Cubismo: Excesso de Representação


Fase Analítica ou Hermética; Construção Teórica e Formal;


Parte 2.


• Fase Analítica ou Hermética só vai depender de Picasso e Braque.


CONSTRUÇÃO TEÓRICA

Temos uma Fragmentação em pequenos símbolos resultante do estilhaçar das referências do mundo (no início parecia só deformar a partir do centro). São pequenos signos que são resgatados de diferentes perspetivas e são lançados tentando agrupar neste plano e ainda a segurar essa figura. (Picasso, Menina com Bandolim, 1910)




Mas com este entra e saí do fundo acontece uma Dissolução do referente. Portanto, o excesso de referente vai provocar uma perda de reconhecimento do referente – é este o paradoxo do cubismo hermético. E quase parece uma abstracção, não o sendo de facto porque existe ainda a força do estar perante o real. 

O momento mais quente desta dissolução do referente é quando fazem retratos porque, por contraste, o retrato é a questão que mais exige uma identificação do sujeito, exige um reconhecimento. (Retrato de Vollard)
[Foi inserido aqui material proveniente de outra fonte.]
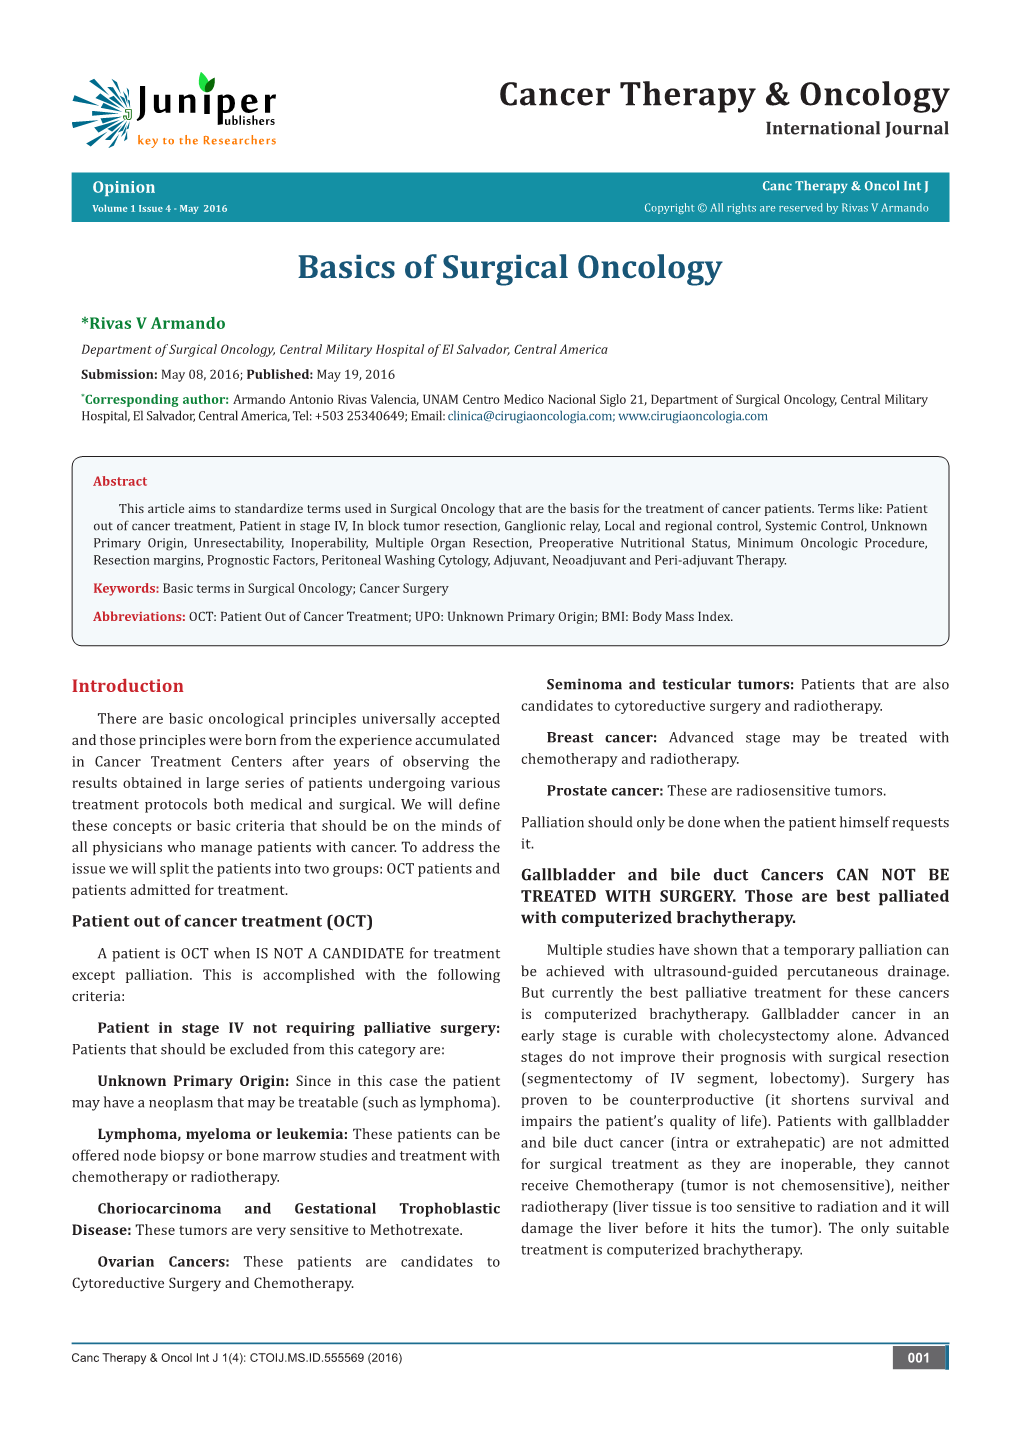 Basics of Surgical Oncology
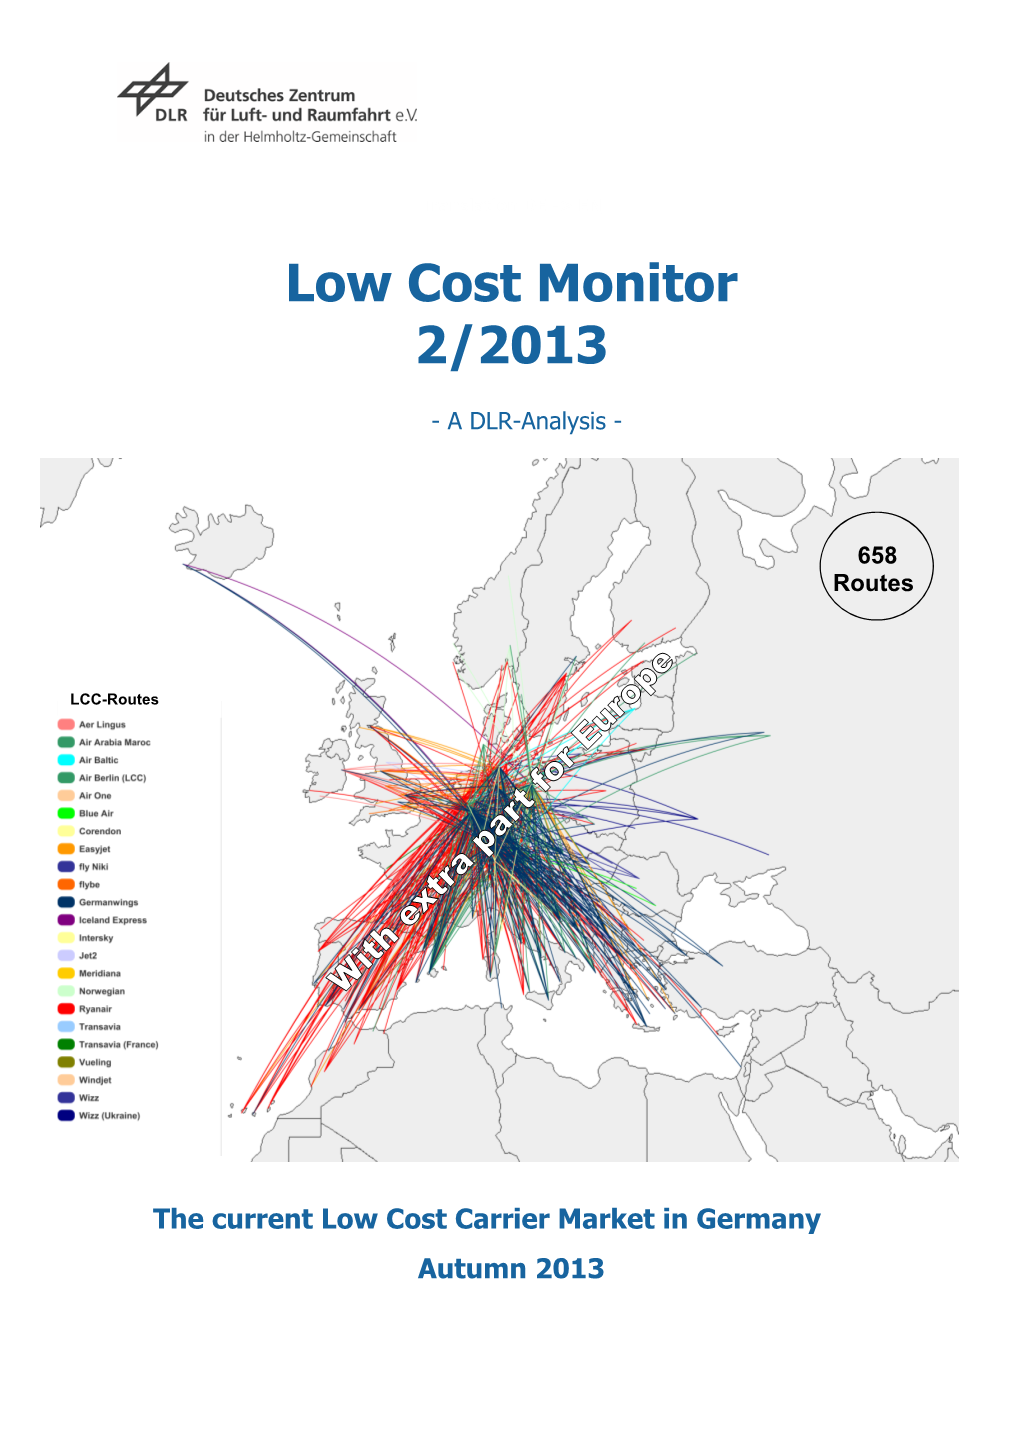 Low Cost Monitor 2/2013

Quarta dimensão é no sentido do tempo do olhar. Cada perspetiva diferente é uma janela diferente, um tempo de olhar diferente. Pelo que é exigido ao pintor que esteja em vários lados ao mesmo tempo – como isso é humanamente impossível, o pintor tem que estar simultaneamente em diferentes tempos




CONSTRUÇÃO FORMAL

A certa altura dá-se o aparecimento das letras. Nessa fusão de elementos, neste puxar tudo para o mesmo plano faz tornar estas letterings de publicidade parte da composição. As letras já apareceram muitas vezes em obras ao longo do tempo, mas são sempre absorvidas normalmente enquanto elementos referenciais. Aqui Braque antecipou aos futuristas (mesmo com a parole libertá de Marinetti) e ao próprio Picasso, que responde logo com Ma Jolie

Esta fragmentação faz com que a própria luz que incide nas arestas perca a unidade. Em consequência acentua-se o sentido monocromático e até uma estranha textura meio pontilhista. E pequenos jogos de claro-escuro tentam ainda manter uma determinada leitura. Há quem fale até num lirismo desta textura monocromática e um lirismo na forma de mediação destes pequenos signos do mundo.